Kritische Bemerkungen

zum Urteil des Bundesgerichtshofs (BGH III ZR 93/18) verkündet am 27. 06. 2019, veröffentlicht am 01.08.2019)

Es geht um Entschädigungszahlungen nach dem in Brandenburg geltenden Staatshaftungsgesetz für die 2011 und in folgenden Jahren von Wasserverbänden unrechtmäßig eingetriebenen Schmutzwasserbeiträge.

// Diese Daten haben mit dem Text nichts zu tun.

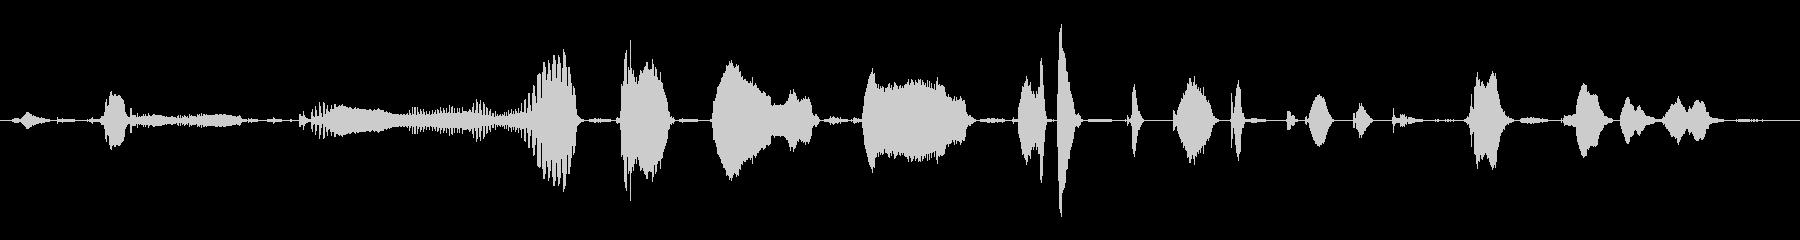 Baby E:幸せな発声の未再生の波形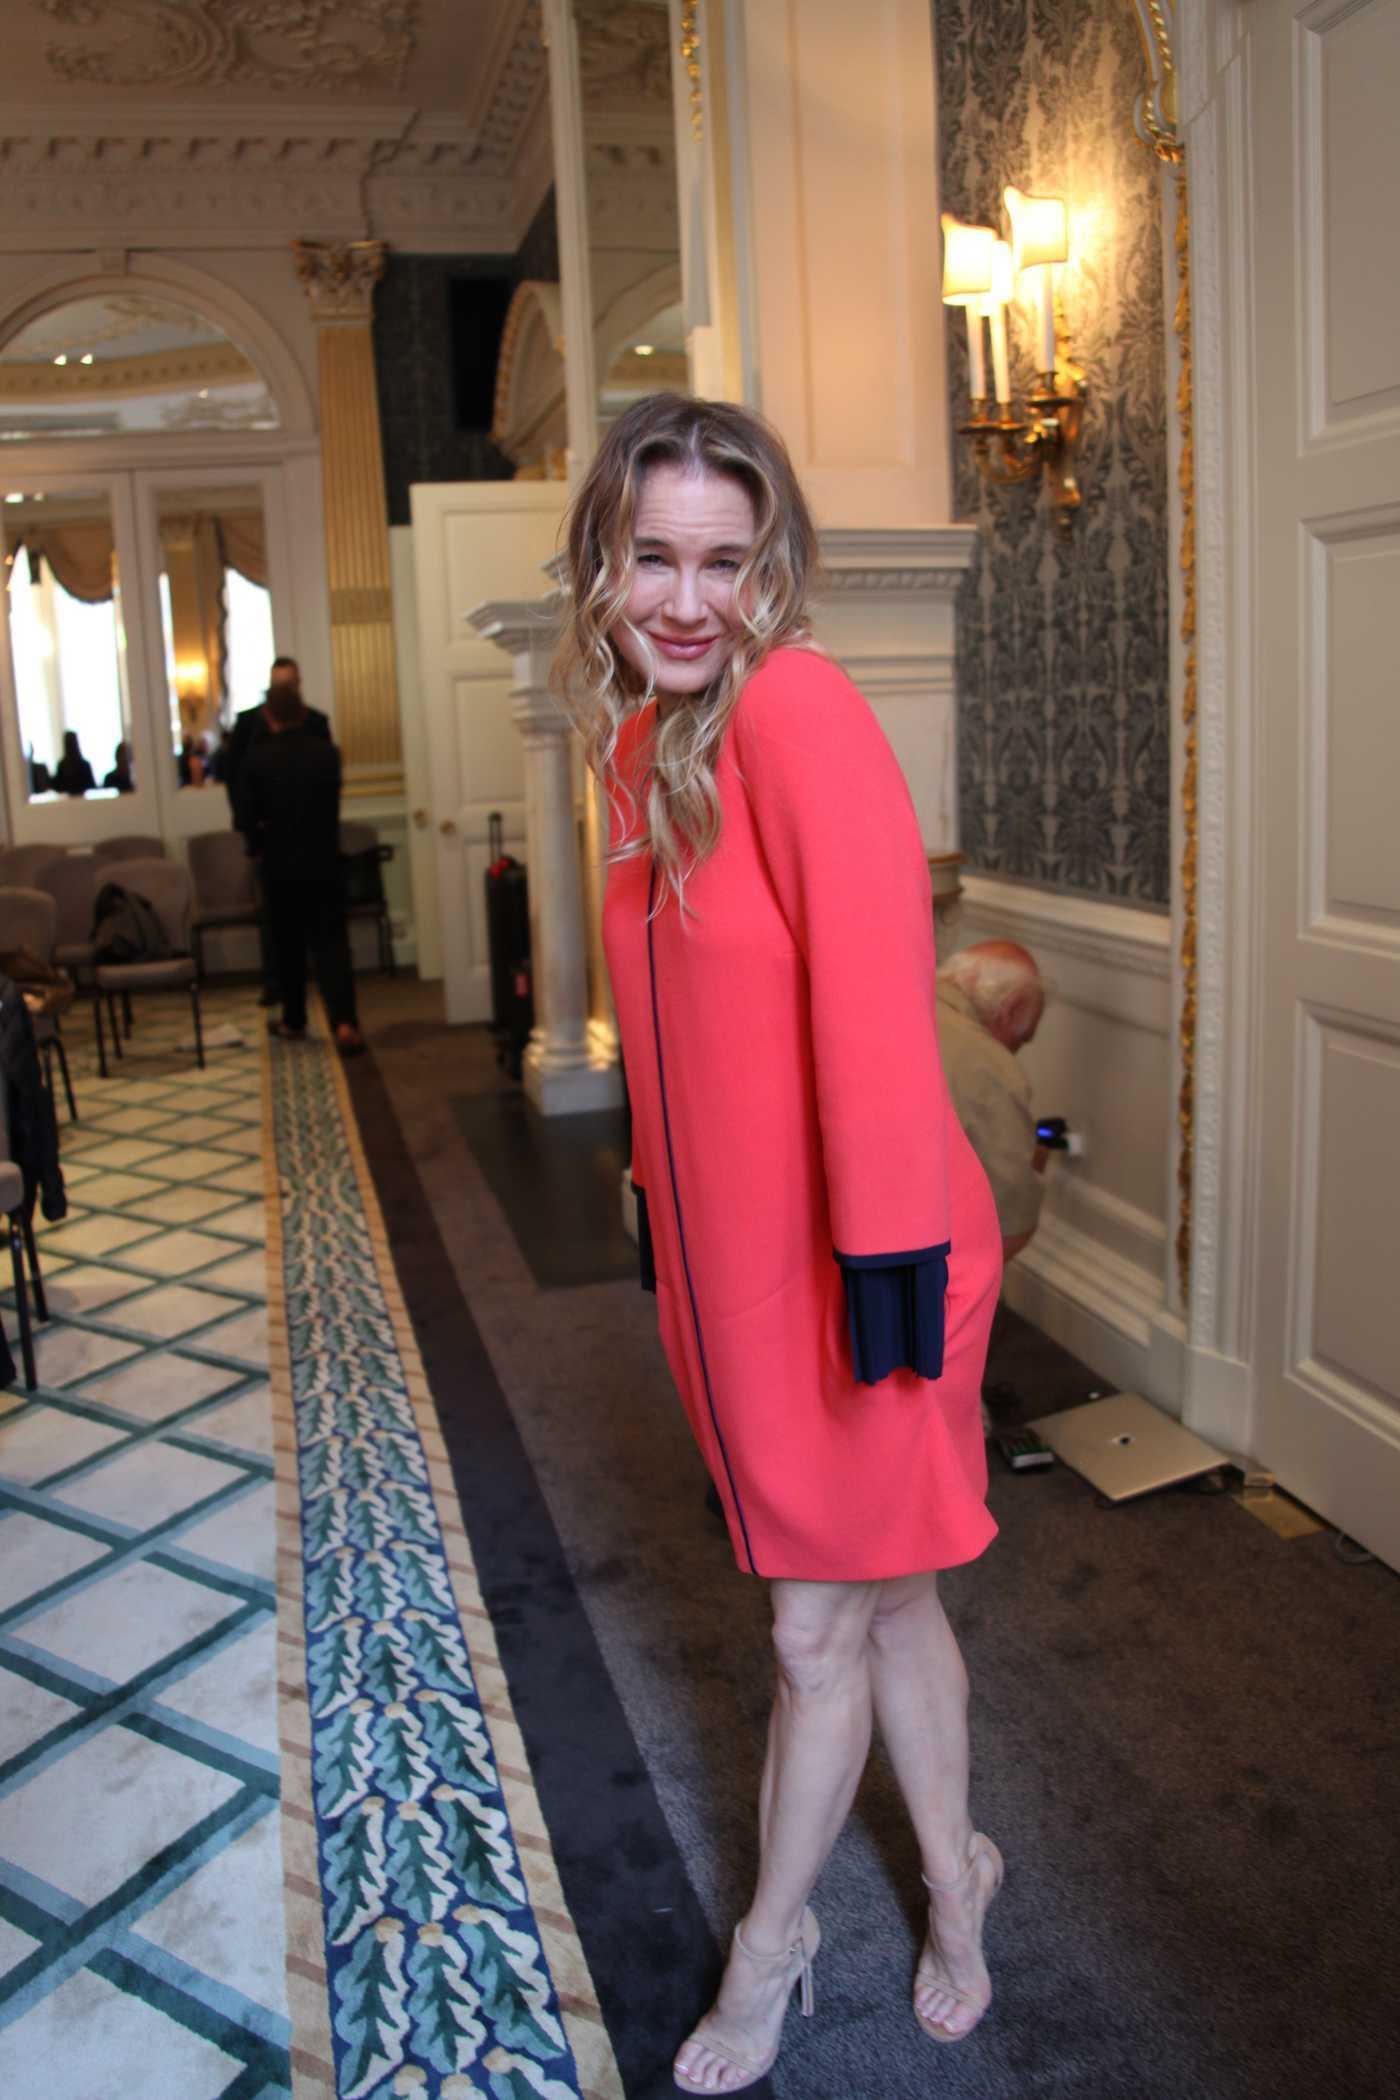 Renee Zellweger at the Bridget Jones Baby Press Conference at the Claridge Hotel in London 08/30/2016

Das Gericht hat unsorgfältig gearbeitet.

Bei dem Rechtsstreit soll es (gemäß Wortlaut) um die „Rückforderung von Trinkwasser-Anschlussbeiträgen“ gehen. In Wirklichkeit geht es um Schmutzwasser-Anschlussbeiträge. Das ist wesentlich, denn nur dafür haben die Wasserverbände behördliche Befugnisse und nur für behördliche Entscheidungen hat das Staatshaftungsgesetz überhaupt Geltung. (Der grundlegende sachliche Fehler findet sich auch in der Schilderung des Tatbestands und danach noch mehrfach. Es geht im Urteil durchgängig um den falschen Streitgegenstand.)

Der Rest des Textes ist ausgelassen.